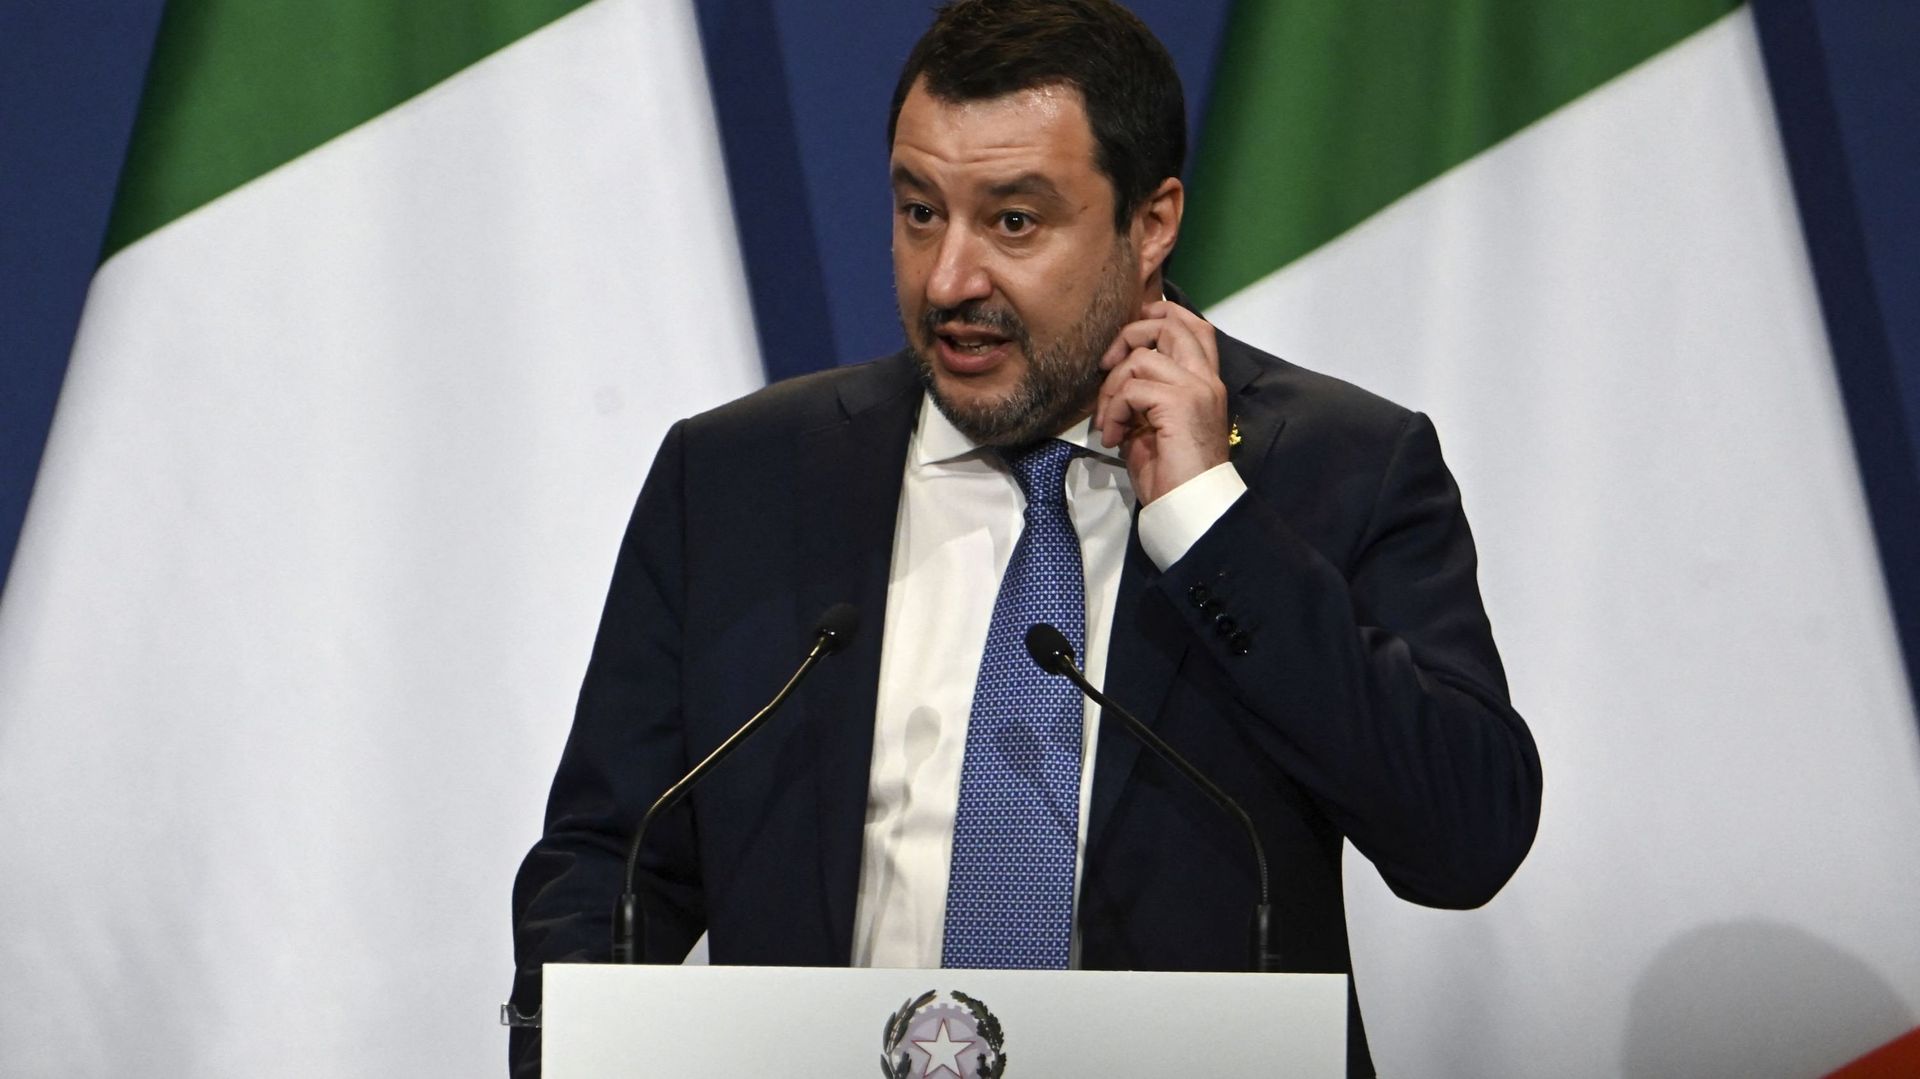 Matteo Salvini sera jugé pour avoir bloqué des migrants en mer
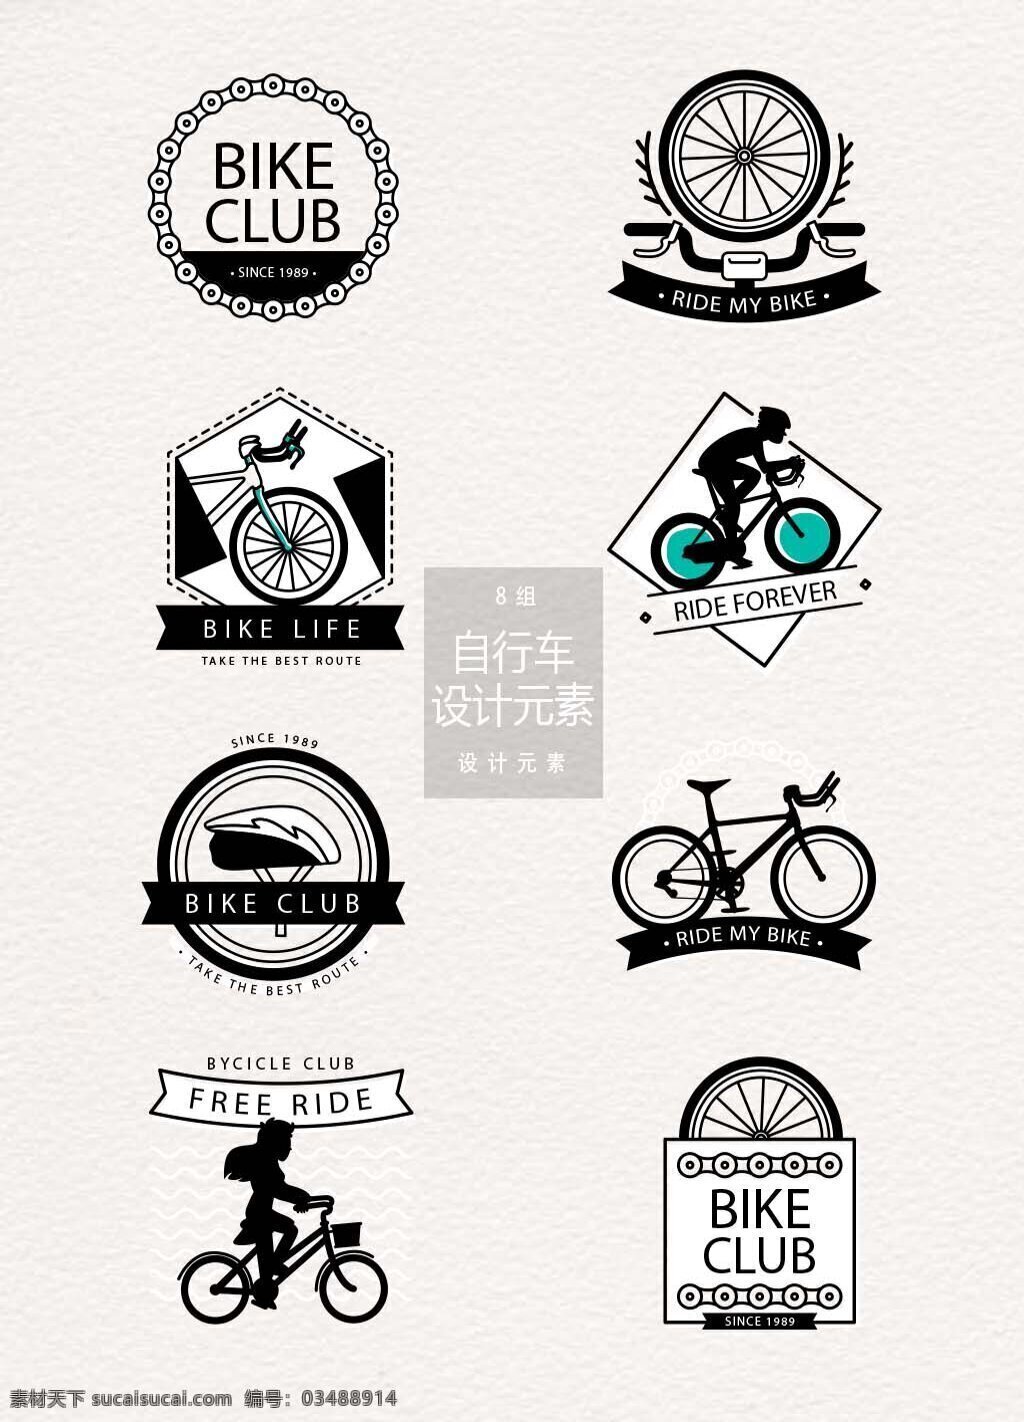 自行车 工会 标志设计 元素 设计元素 车轮 单车 汽车 自行车工会 自行车标志 自行车图标 logo
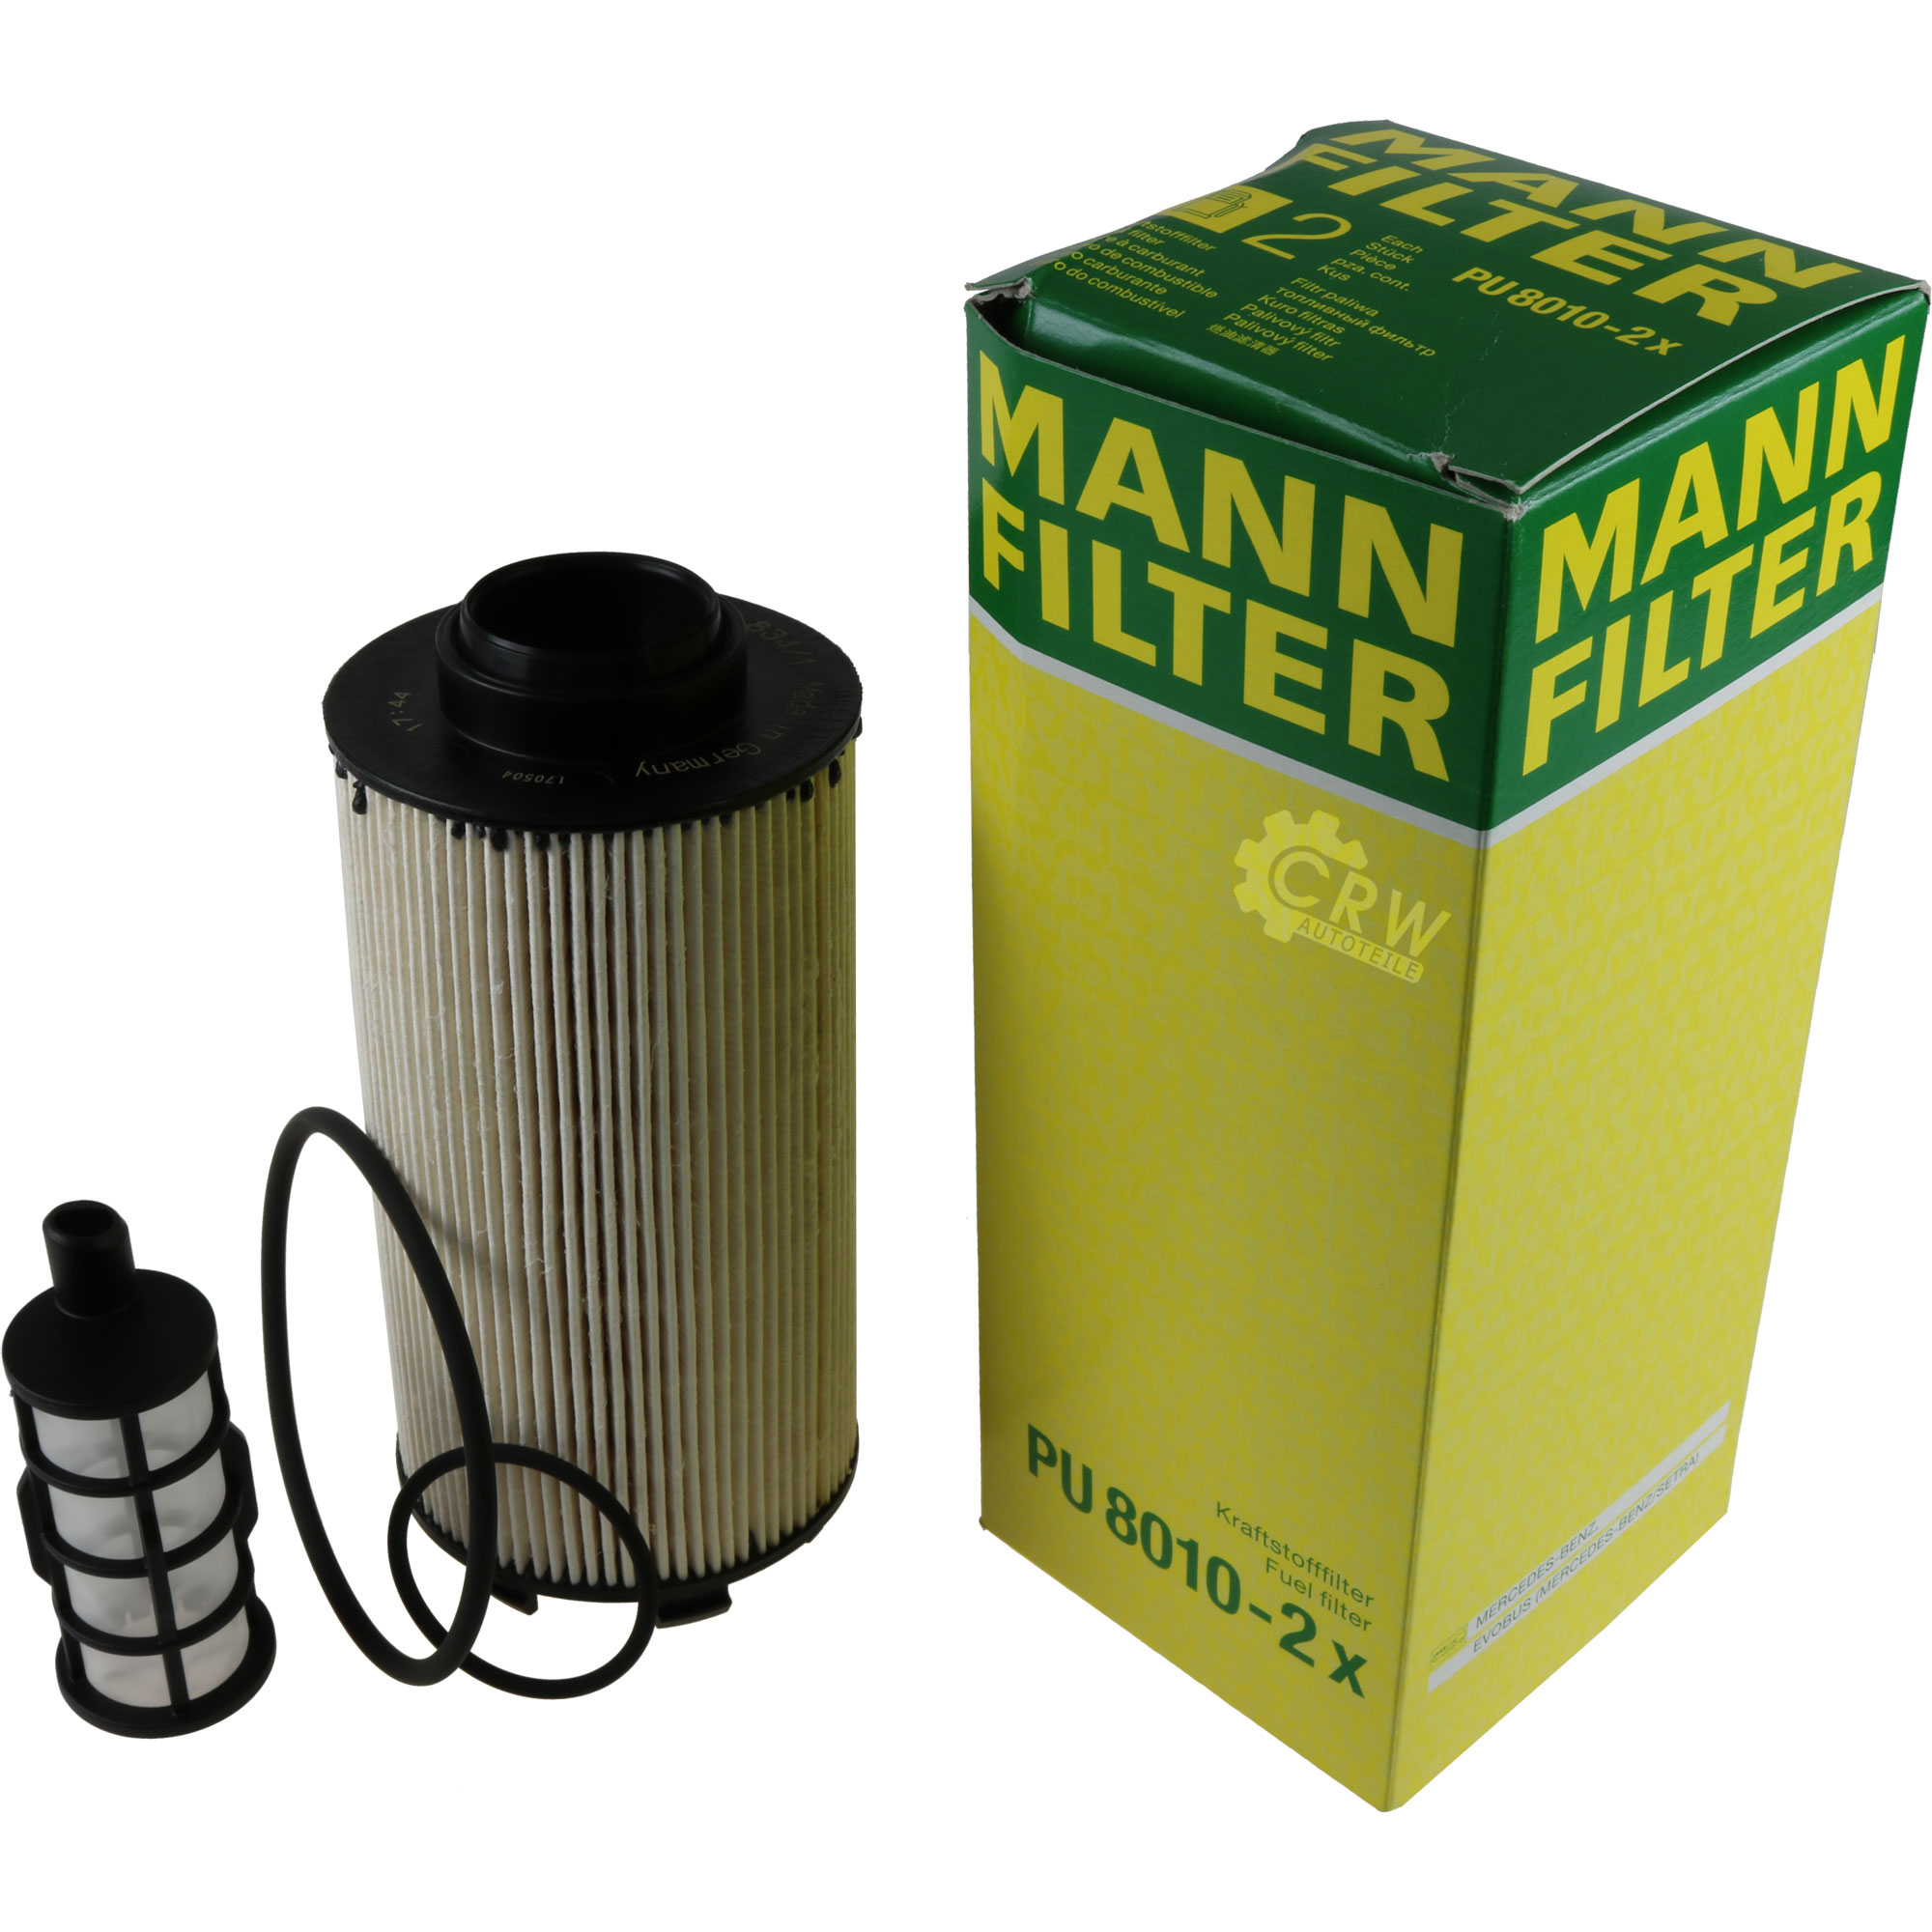 MANN-FILTER Servicekit Kraftstofffilter PU 8010-2 x Fuel Filter
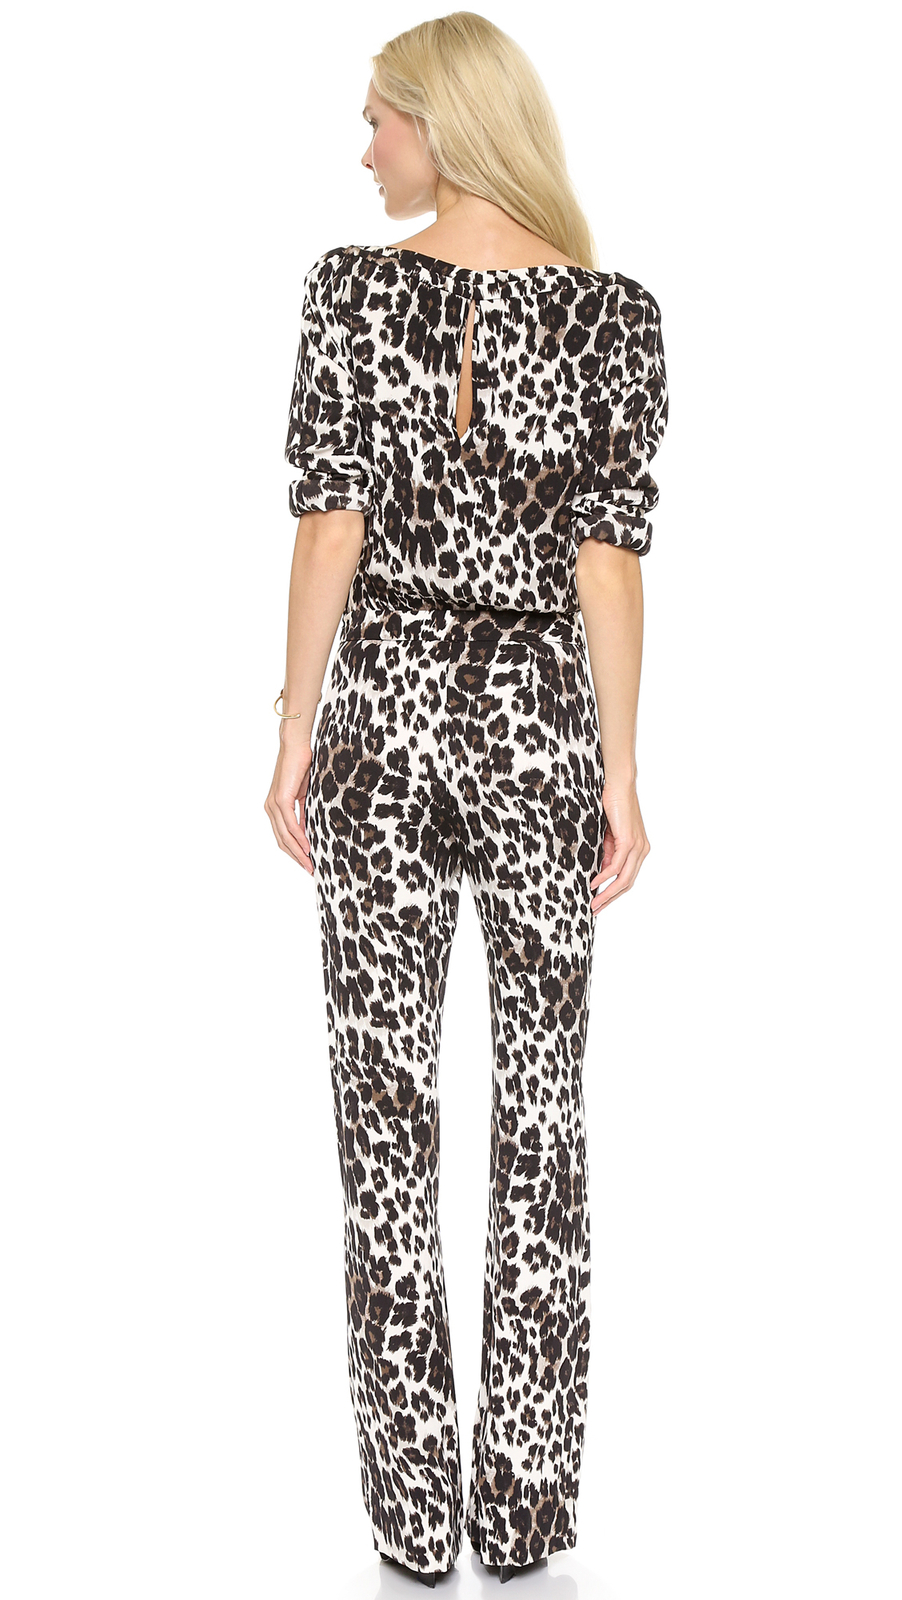 Diane von Furstenberg Cynthia Leopard Jumpsuit size 6 - Women's Clothing
|---|
▶ [Problem requirements]:
Excluding pictures, print all lines above exactly.

▶ [Solution to the exercise]:
 Matteo Salvini sera jugé pour avoir bloqué des migrants en mer
 自行车 工会 标志设计 元素 设计元素 车轮 单车 汽车 自行车工会 自行车标志 自行车图标 logo
 MANN-FILTER Servicekit Kraftstofffilter PU 8010-2 x Fuel Filter
 Diane von Furstenberg Cynthia Leopard Jumpsuit size 6 - Women's Clothing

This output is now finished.